Third Party Manufacturing

Third Party Manufacturing Specification

Molecular Formula
As per formulation

Application
Hospital, Clinic

Purity
99%

Grade
A

Formulations Type
General Drugs

Formulations Form
Tablets

Treatments & Functions
Used for various therapeutic purposes

Gender/Age Group
Adult

Dosage Guidelines
As prescribed by physician

Volume
500-1000 Tablets Per Pack

Storage Instructions
Store in a cool, dry place

Manufacturer Type
Third Party Manufacturer

Packaging Type
Blister/Alu-Alu/Strip Packaging

Quality Standard
WHO-GMP Certified

Prescription/Non prescription
Prescription

Shelf Life
24 Months

Third Party Manufacturing Trade Information

Main Domestic Market
All India

About Third Party Manufacturing

Third party or contract manufacturing is referred to the outsourcing of pharmaceutical products or to get products manufactured from others manufacturing units with your own brand names. Even, pharma companies having their own manufacturing plants are gotten manufactured their pharma products from other manufacturers.

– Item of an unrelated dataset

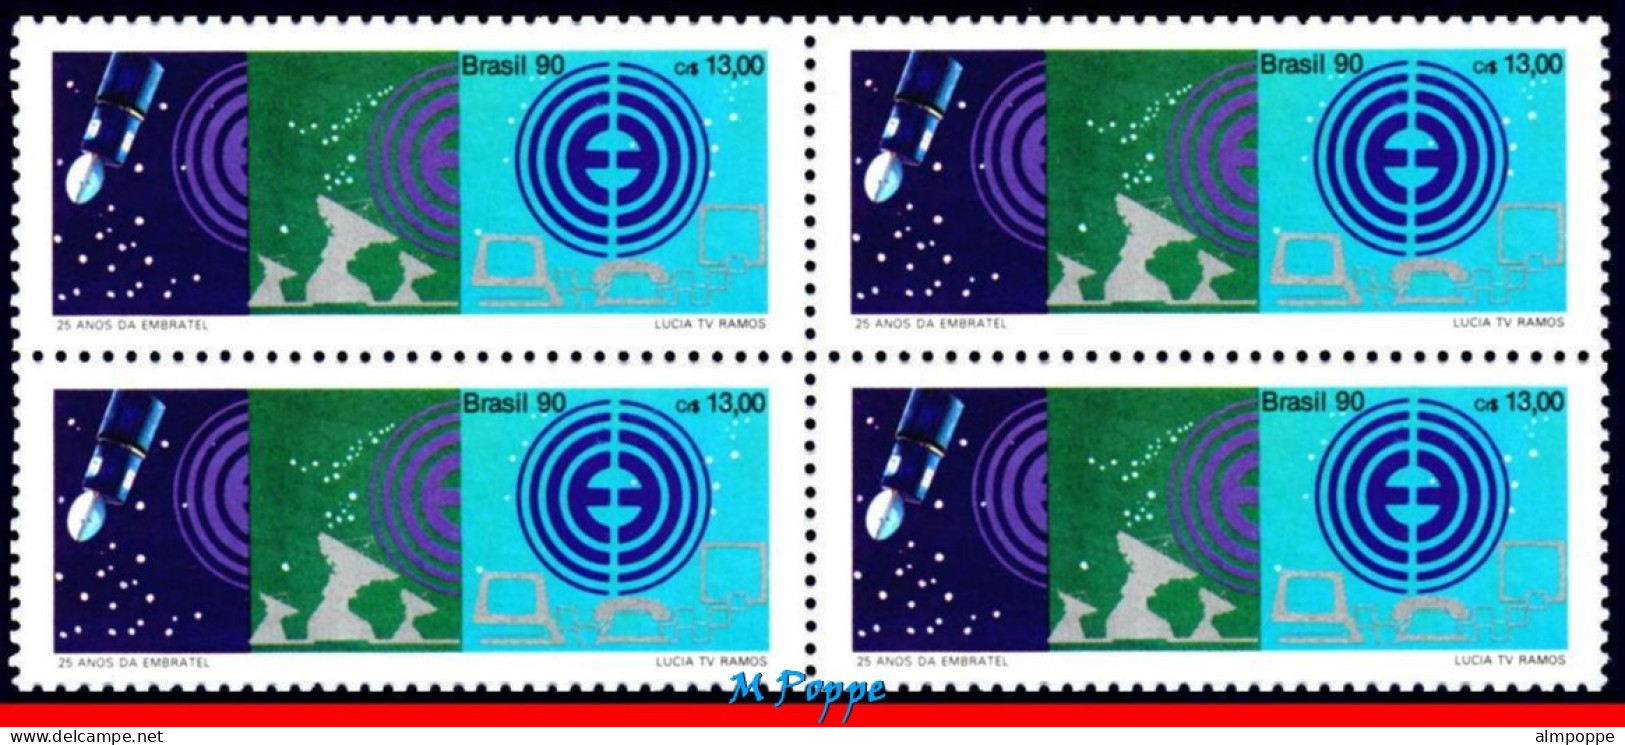 Ref. BR-2281-Q BRAZIL 1990 - EMBRATEL, 25TH ANNIV.,SPACE, SATELLITE, MI# 2376,BLOCK MNH, TELECOMMUNICATION 4V Sc# 2281 - Blocks & Sheetlets

Expert Third-Party Manufacturing

We specialize in the third-party manufacturing of general drug formulations, delivering exceptional product quality and consistency for our clients. Our manufacturing facilities adhere strictly to WHO-GMP certification, ensuring all products meet international healthcare standards. Blister, alu-alu, and strip packaging help optimize product longevity and maintain tablet integrity, making our services highly reliable for hospitals and clinics alike.

Versatile Tablet Formulations

Designed for adult use, our tablet forms are suitable for a wide range of therapeutic purposes. By offering customizable quantity packs (5001000 tablets), we make bulk supply straightforward for clinical and hospital settings. The formulations are handled with meticulous care, ensuring precise dosage, exceptional purity, and robust stability over their extended 24-month shelf life.

FAQs of Third Party Manufacturing:

Q: How does the third-party manufacturing process work for general drug tablets?

A: The third-party manufacturing process involves producing pharmaceuticals on behalf of other companies. We manage the production, quality control, and packaging of general drug tablets, ensuring compliance with WHO-GMP standards. Clients simply provide specifications, and we handle the rest, delivering the finished product in secure, high-quality packaging.

Q: What are the benefits of choosing blister, alu-alu, or strip packaging?

A: These packaging options offer excellent protection against moisture, contamination, and physical damage, which helps extend the 24-month shelf life of the tablets. They also make dispensing and dosage tracking more convenient for healthcare professionals and patients alike.

Q: When should the tablets be administered, and how is dosage determined?

A: Tablets should be administered strictly according to the dosage guidelines provided by a qualified physician. Each patients condition is unique, so the dosage and timing will be tailored to their specific therapeutic needs, as outlined in the prescription.

Q: Where are these tablets intended to be used?

A: Our manufactured tablets are primarily intended for use in hospitals and clinics. Their formulation and volume per pack are optimized for professional healthcare environments where high standards of quality and consistency are required.

Q: What quality standards and certifications are maintained during production?

A: All manufacturing processes strictly adhere to WHO-GMP certification requirements. This ensures that products consistently meet high standards of purity, safety, and efficacy throughout their lifecycle.

Q: How should these tablets be stored to maintain their quality and shelf life?

A: To ensure optimal stability and effectiveness, tablets should be stored in a cool, dry place away from direct sunlight. Proper storage conditions help preserve the 24-month shelf life and maintain the tablets 99% purity.